# Training a Hierarchical DivNoising network for Convallaria data which is intrinsically noisy
This notebook contains an example on how to train a Hierarchical DivNoising Ladder VAE for an intrinsically noisy data containing both pixel noise and structured noise. This requires having a noise model (model of the imaging noise) for pixel noises which can be either measured from calibration data or bootstrapped from raw noisy images themselves. If you haven't done so, please first run '1-CreateNoiseModel.ipynb', which will download the data and create a noise model. 

In [None]:
import warnings
warnings.filterwarnings('ignore')
# We import all our dependencies.
import numpy as np
import torch
import sys
sys.path.append('../../../')
from models.lvae import LadderVAE
from lib.gaussianMixtureNoiseModel import GaussianMixtureNoiseModel
from boilerplate import boilerplate
import lib.utils as utils
import training
from tifffile import imread
from matplotlib import pyplot as plt
from tqdm import tqdm

In [None]:
use_cuda = torch.cuda.is_available()
device = torch.device("cuda" if use_cuda else "cpu")

### Specify ```path``` to load training data
Your data should be stored in the directory indicated by ```path```.

In [None]:
path="./data/Struct_Convallaria/"
observation= imread(path+"flower.tif")

# Training Data Preparation

For training we need to follow some preprocessing steps first which will prepare the data for training purposes.

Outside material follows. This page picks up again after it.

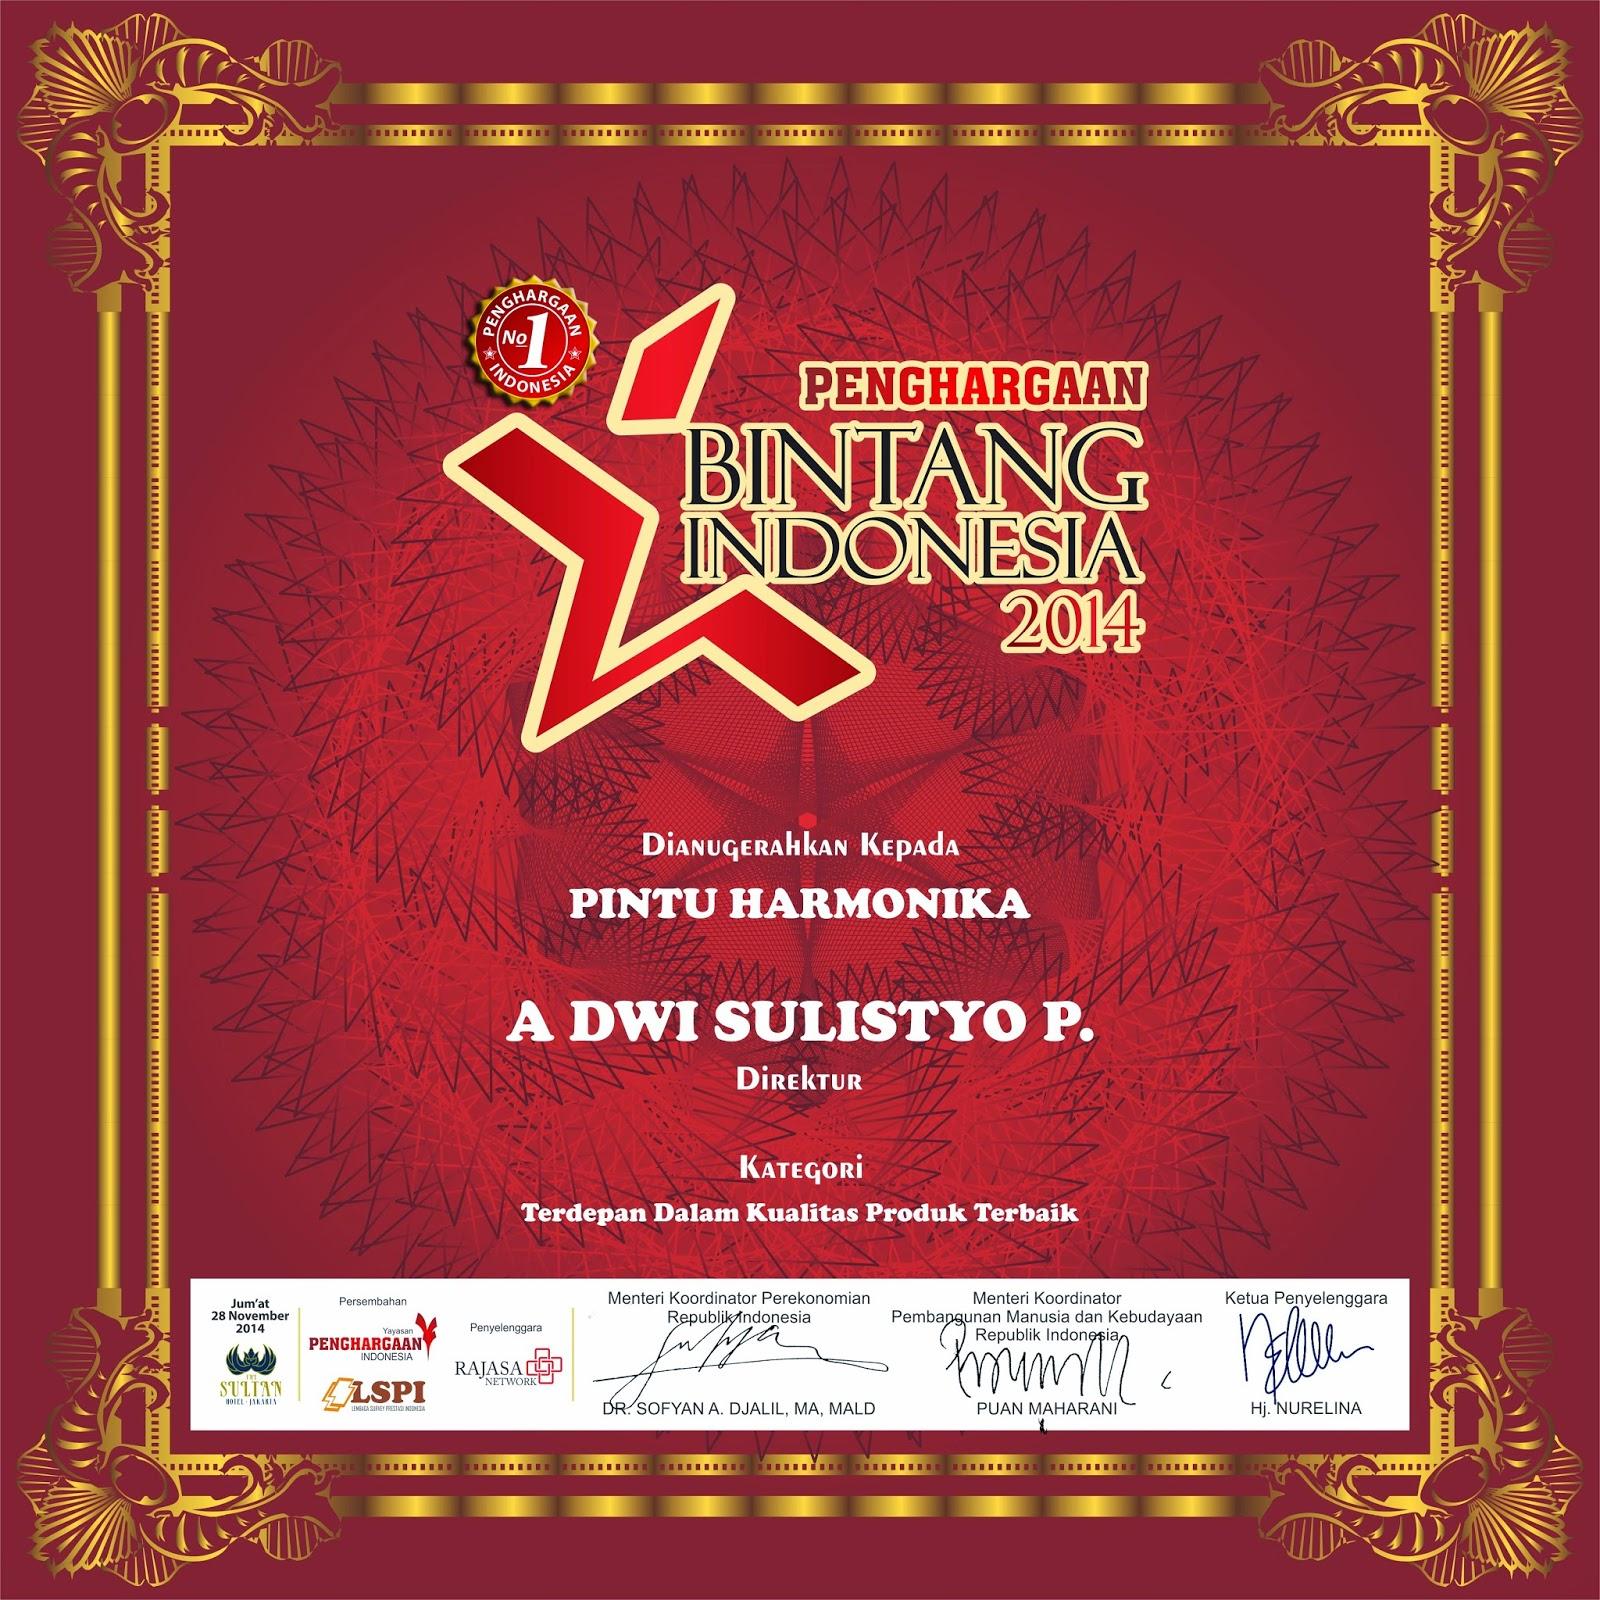 https://www.google.com/search?q=dwi+penghargaan+indonesia&ie=utf-8&oe=utf-8#q=dwi+sulistyo+penghargaan+indonesia

We first divide the data into training and validation sets with 85% images allocated to training set  and rest to validation set. Then we augment the training data 8-fold by 90 degree rotations and flips.

In [None]:
train_data = observation[:int(0.85*observation.shape[0])]
val_data= observation[int(0.85*observation.shape[0]):]
print("Shape of training images:", train_data.shape, "Shape of validation images:", val_data.shape)
train_data = utils.augment_data(train_data) 

In [None]:
### We extract overlapping patches of size ```patch_size x patch_size``` from training and validation images.
### Usually 64x64 patches work well for most microscopy datasets
patch_size = 64

In [None]:
img_width = observation.shape[2]
img_height = observation.shape[1]
num_patches = int(float(img_width*img_height)/float(patch_size**2)*1)
train_images = utils.extract_patches(train_data, patch_size, num_patches)
val_images = utils.extract_patches(val_data, patch_size, num_patches)
val_images = val_images[:1000] # We limit validation patches to 1000 to speed up training but it is not necessary
test_images = val_images[:100]
img_shape = (train_images.shape[1], train_images.shape[2])
print("Shape of training images:", train_images.shape, "Shape of validation images:", val_images.shape)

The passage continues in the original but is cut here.